You can do a loop of the HST as well, returning via Horseshoe Meadow (next exit south of Whitney Portal), go north on the PCT, rejoin the HST at Crabtree Meadows and return. You can have resupplies you pick up at Lone Pine, CA (you could stay there overnight too). You'd need two permits because you'd be returning via a different TH, and Inyo National Forest issues the Eastern bound return. SEKI (Sequoia Kings Canyon National Park issues the permit for the Western bound portion). The return hike will be one day less as it is more downhill returning.

I'm not knocking the JMT, I'm stuck myself on the JMT, it is so beautiful. It's just that if you want something more similar in length to the Wonderland but in the High Sierras, the HST is it. There is a group focused on the HST and other SEKI trails:

Mina Loomis
(elmvine) - MLife

Locale: Central Texas
Thanks for JMT advice! on 05/09/2011 13:32:54 MDT Print View

Wandering Bob and Roleigh: I have sent PM replies, thanks very much for your help.

Dirk, Wow, thanks so much for the detailed comparison! We found the Wonderland to be as you describe it. We love the lushness of the Pacific Northwest (especially in contrast to home in central Texas) and we even like hiking in forest, in contrast to all the folks who post that the JMT is boring because of too much forest and one should hike the Sierra High Route instead.

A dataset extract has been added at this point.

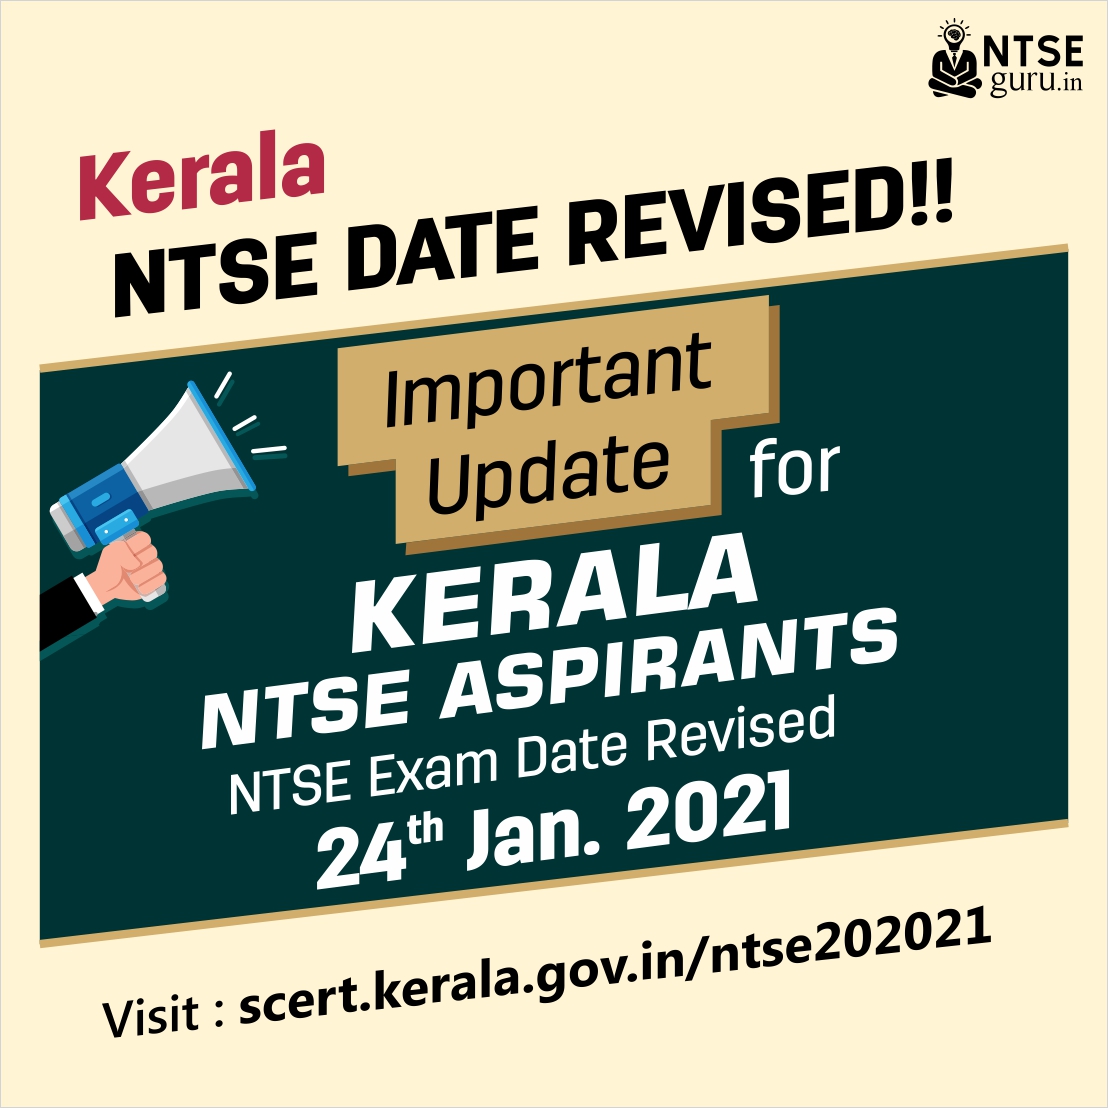 Kerala NTSE Exam Date

Many posts go on about how crowded the JMT is supposed to be, and covered with horse droppings, etc. But the trip report videos I've found don't make it look so much like that. Perhaps folks are selective in what they put in their reports. Still, there must be something about the JMT that keeps hikers coming back to do it again--there seem to be many repeat JMT hikers. We hope to hike many mid-length trails in the coming years. The one through the North Cascades sounds fantastic.

Manfred: Well I do hope we see you all on the hike this summer! Yes our permit reservation is for Happy Isles. And I did read your son's excellent trip report. I am thrilled to hear that you are bring your daughters on the trail this year. So many folks seem to take their sons out and leave their daughters at home. I volunteer for my local Camp Fire council as a backpacking leader; our groups include girls and boys alike. Many parents seem to be more reluctant to send their girls out on the trail. (Our daughter is probably the strongest hiker in our family, from a young age. Much more staying power than her two brothers, who are both excellent hikers. They are all grown up now, though.)

Once again, thanks to all. We are excited about our trip!